The current economic crisis is creating unique buying opportunities for some of the blue chip companies that are trading at historic price lows. Alcoa (AA), which is the largest aluminum producer in the US, is currently trading at below $7.00 per share. Alcoa’s stock has not been this low since the early 90′s. Alcoa has a market cap of about 6 billion dollars. Alcoa currently carries a P/E ratio of 3 which is well below the industry average of 6. Commodities stocks have been hit particularly hard this year due to the deflationary environment. Deflation has led to a decline in commodity prices. Aluminum prices have fallen roughly 50 percent from their highs of the summer. Combine this with the weakening demand for aluminum due to the global recession and you can see why Alcoa’s stock has dropped significantly.

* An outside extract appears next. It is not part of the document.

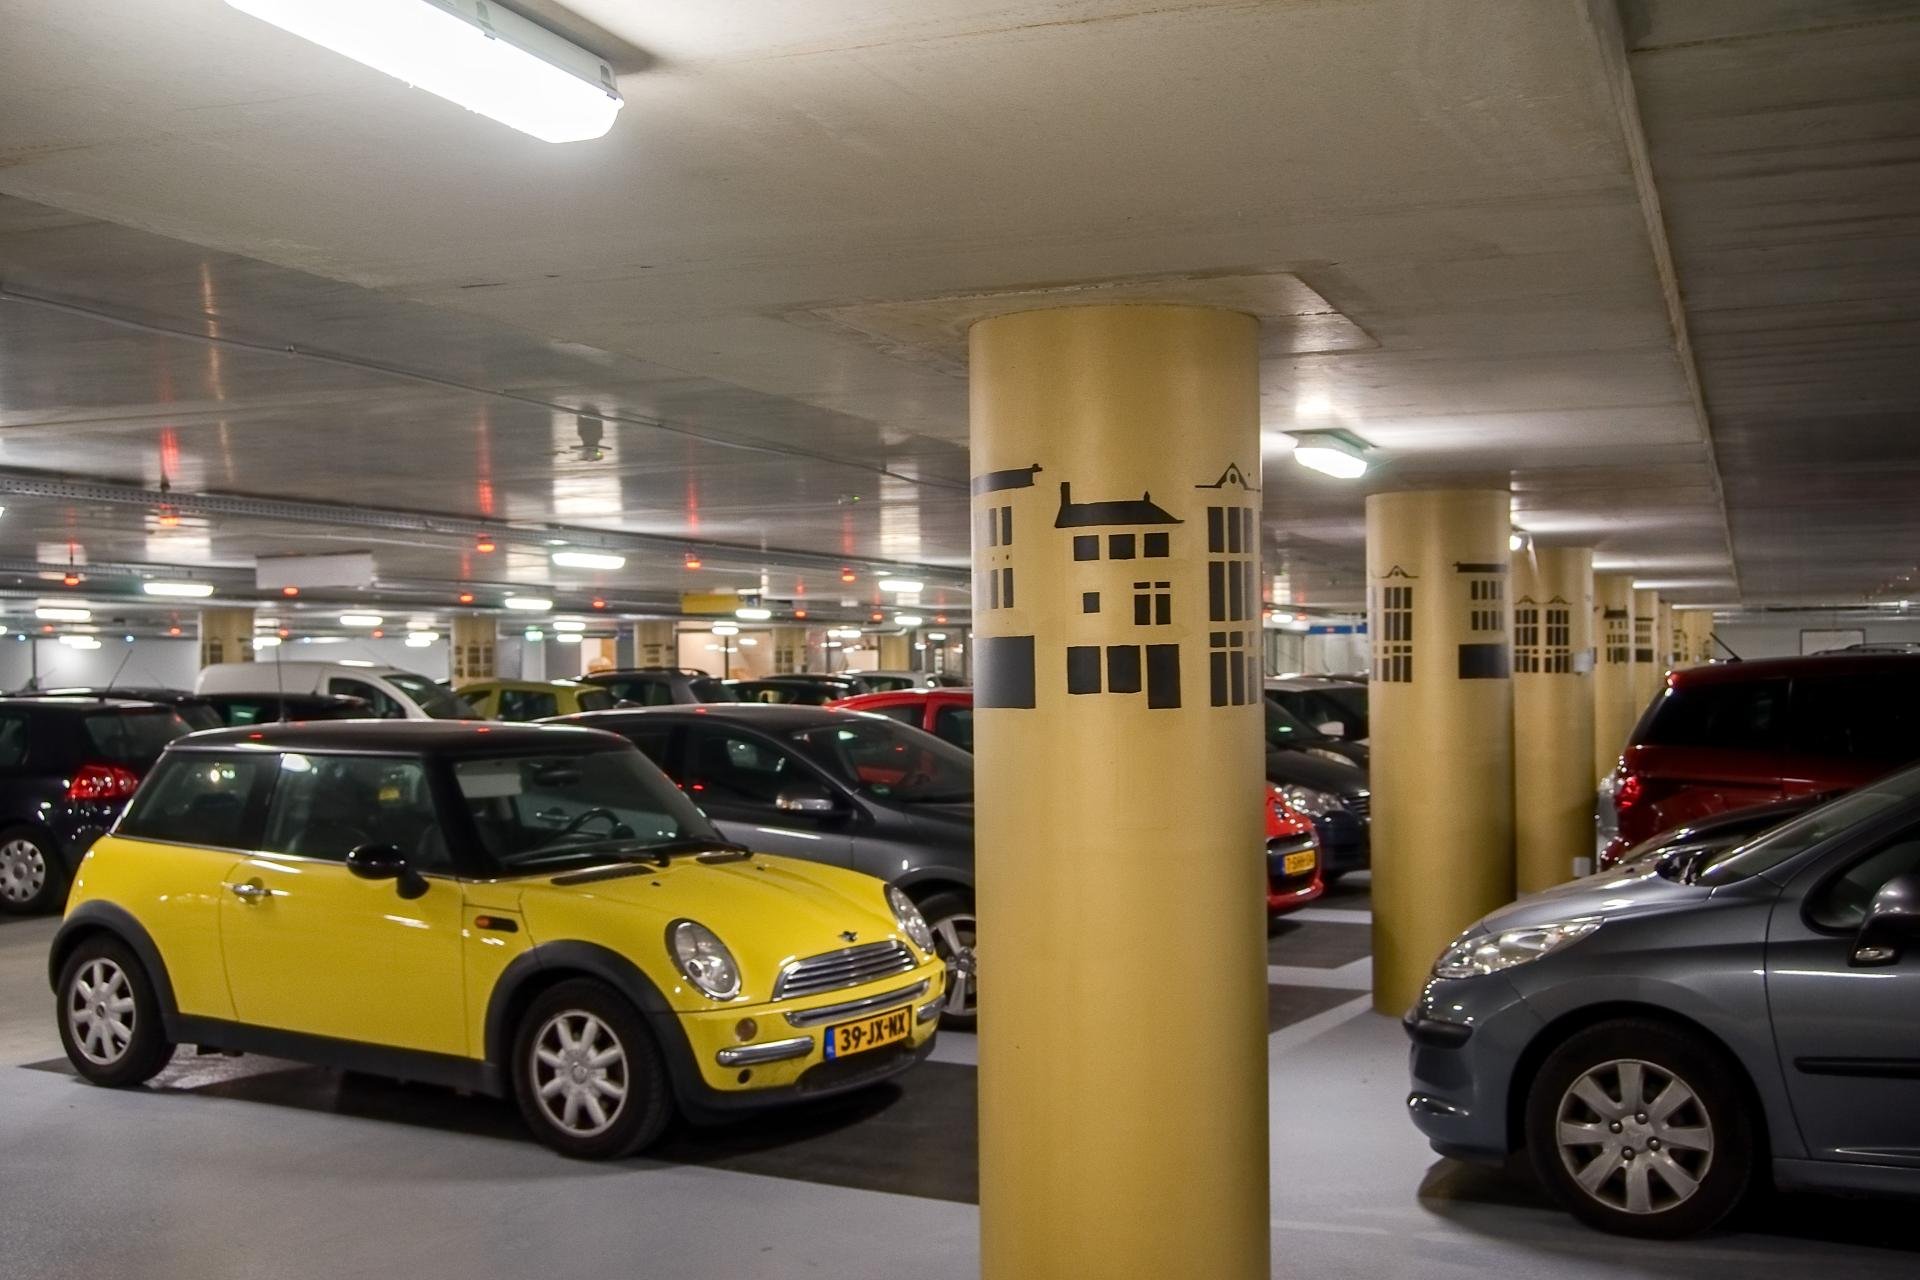 parkeergarage met allemaal geparkeerde auto's. De pilaren zijn goudkleurig met allemaal huizen erop.
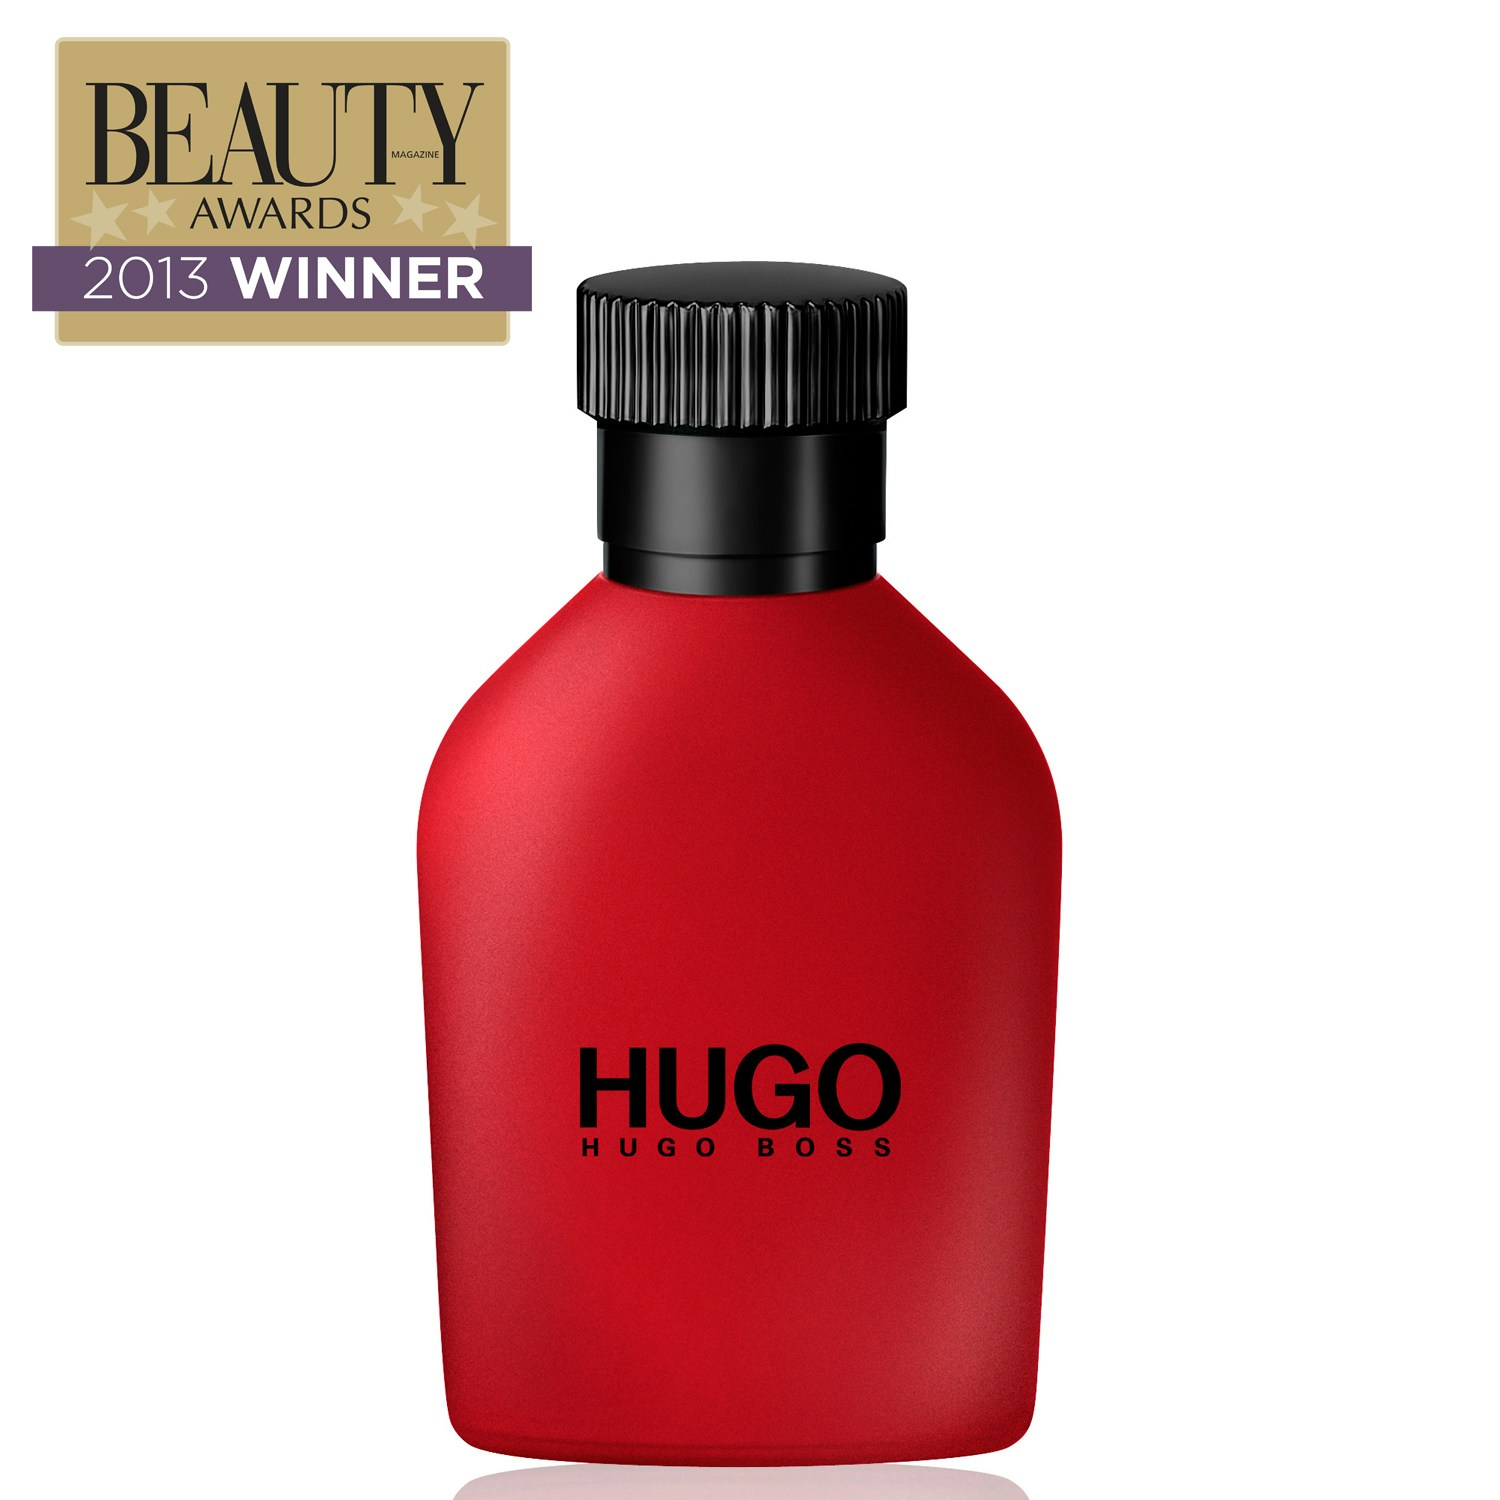 Хуго босс ред. Hugo Boss Hugo Red 150ml. Hugo Boss мужской Hugo туалетная вода (EDT) 40мл. Хьюго бос мудские красные. Хуго босс красный флакон мужские.

So why do I like this stock? I think that all of the negative news has already been priced into Alcoa’s stock. Even if the earnings decline by 50% going forward, the earnings multiple would still be slightly lower than the industry average. Alcoa has taken the necessary steps to survive the global recession. Alcoa has already cut aluminum production by 15% and has frozen its spending on capital projects. The company restructured its long term debt obligations to improve liquidity. Alcoa’s debt to capital ratio is just above .36 which means the company is capable of meeting its financial obligations. Alcoa’s stock is currently paying out an attractive 8% yield in dividends .The stock does still carry significant risk because of the current volatile market conditions. But at these prices I am a buyer of Alcoa stock.